■ Dataset excerpt:

========

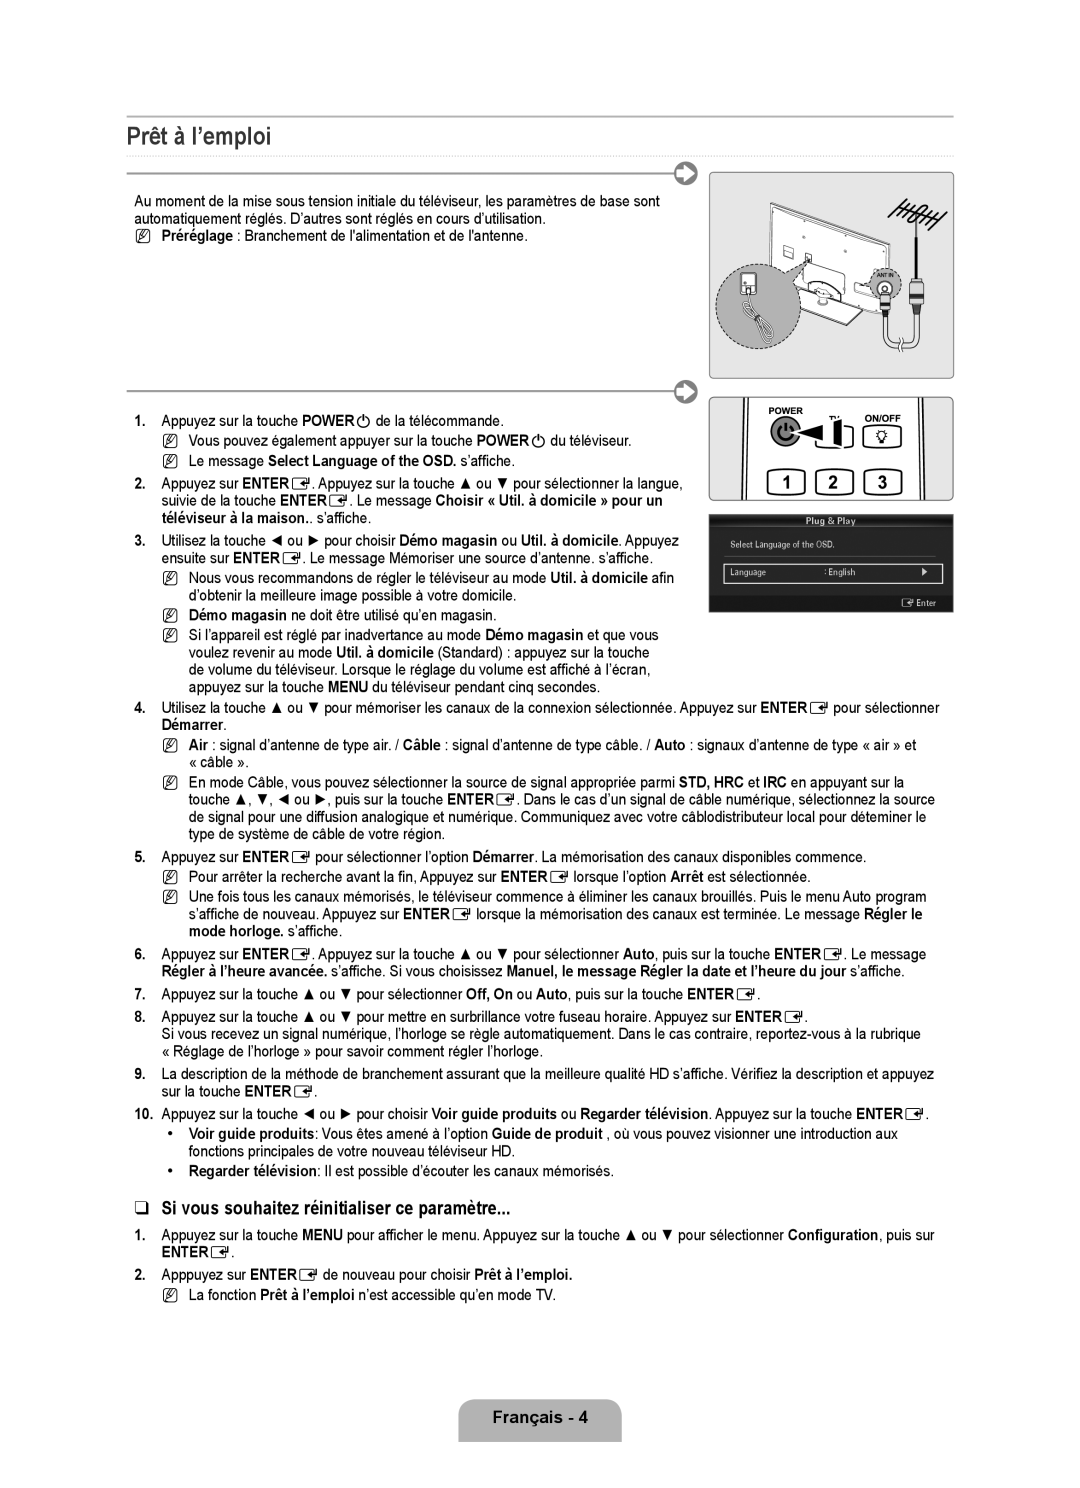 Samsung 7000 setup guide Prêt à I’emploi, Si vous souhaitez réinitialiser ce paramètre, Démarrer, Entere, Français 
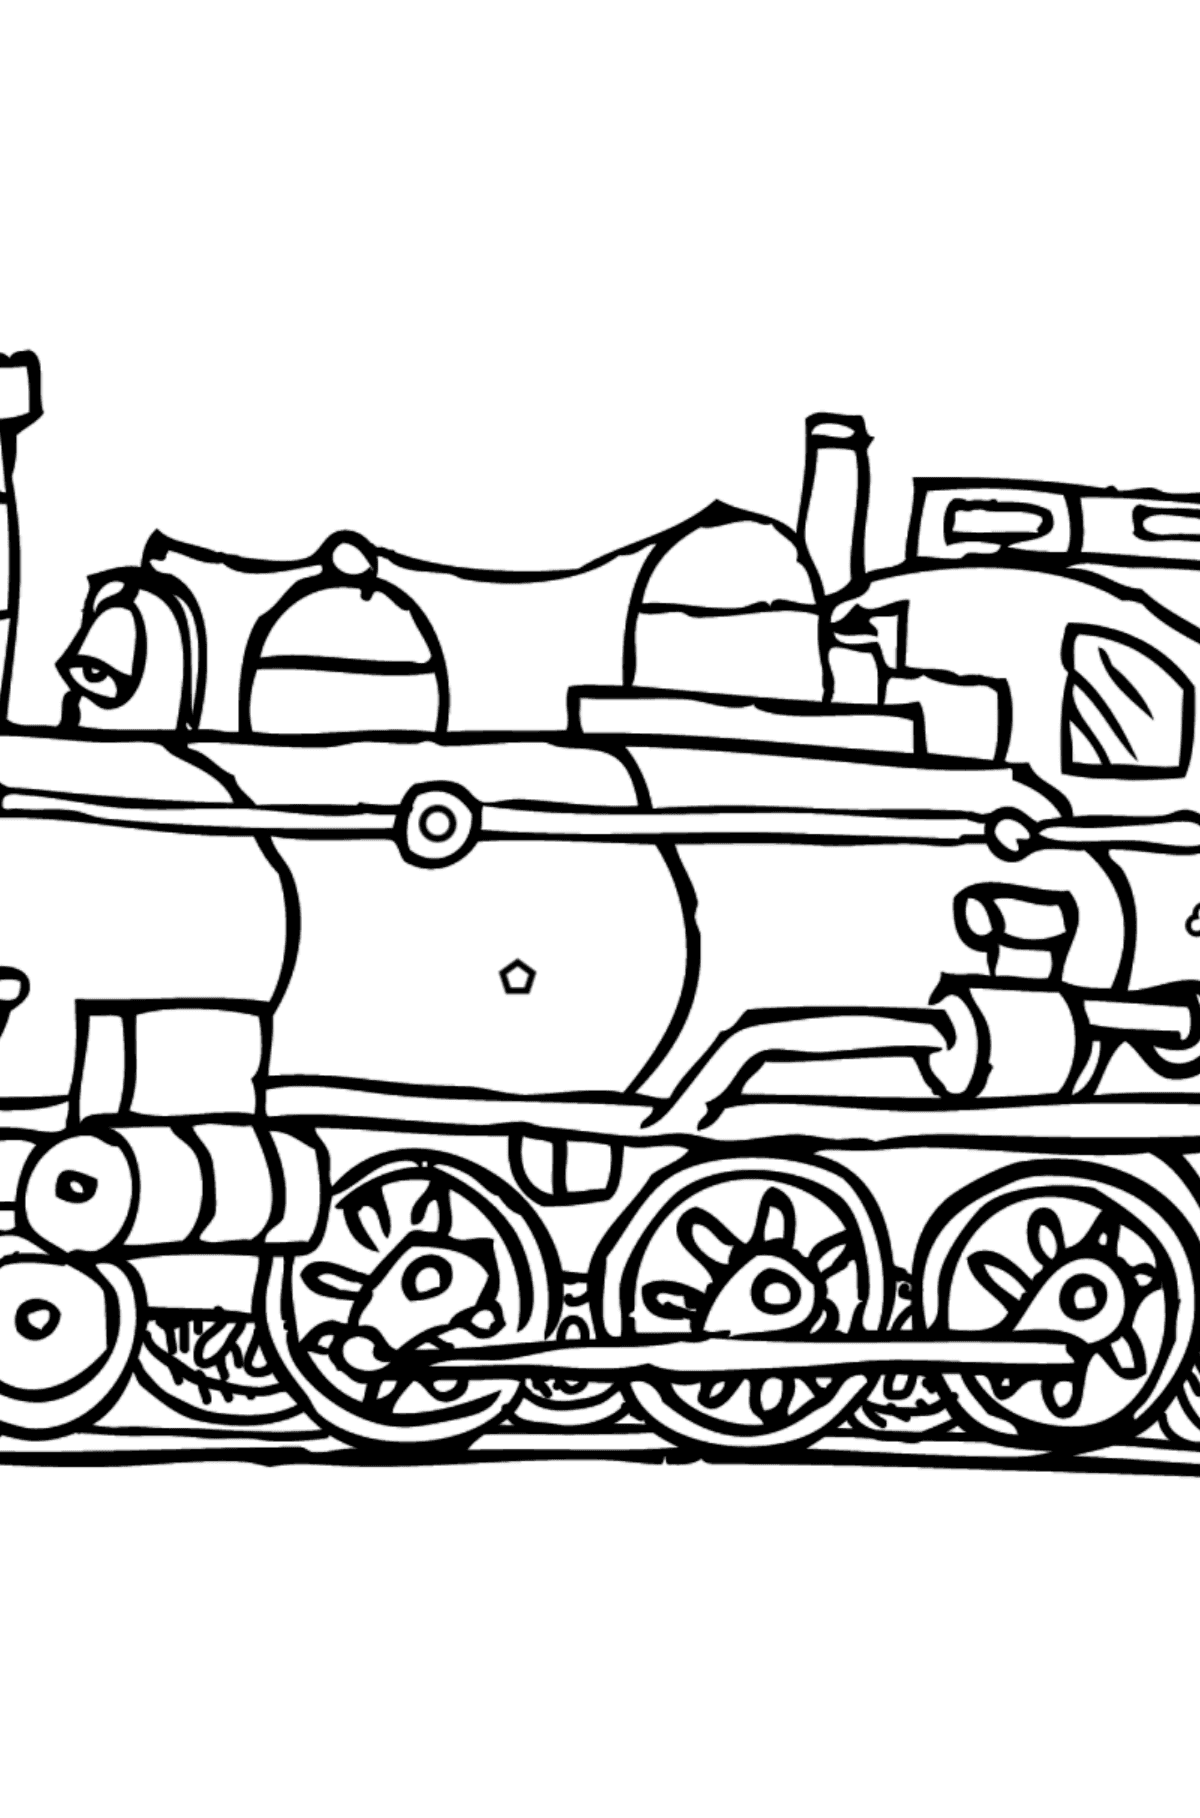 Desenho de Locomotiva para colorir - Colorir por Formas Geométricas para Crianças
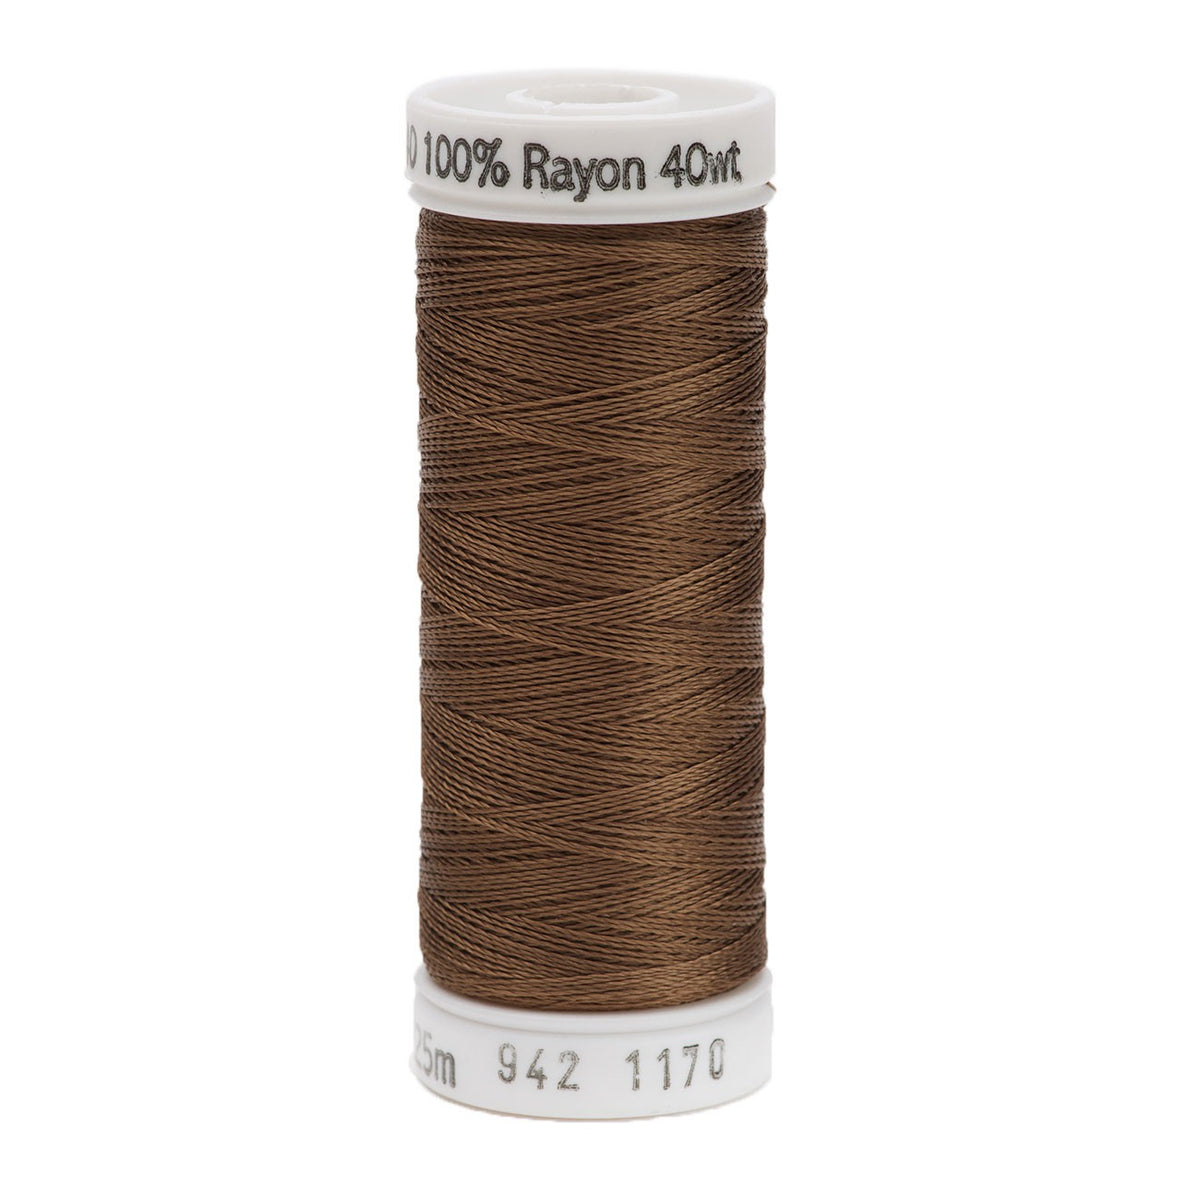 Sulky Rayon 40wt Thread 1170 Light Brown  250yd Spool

========

■ Task details: Where a picture appears in the listing above, skip it and set down all the rest exactly.

■ Output of the exercise:
 Samsung 7000 setup guide Prêt à I’emploi, Si vous souhaitez réinitialiser ce paramètre, Démarrer, Entere, Français 
 Desenho de Locomotiva para colorir - Colorir por Formas Geométricas para Crianças
 Sulky Rayon 40wt Thread 1170 Light Brown  250yd Spool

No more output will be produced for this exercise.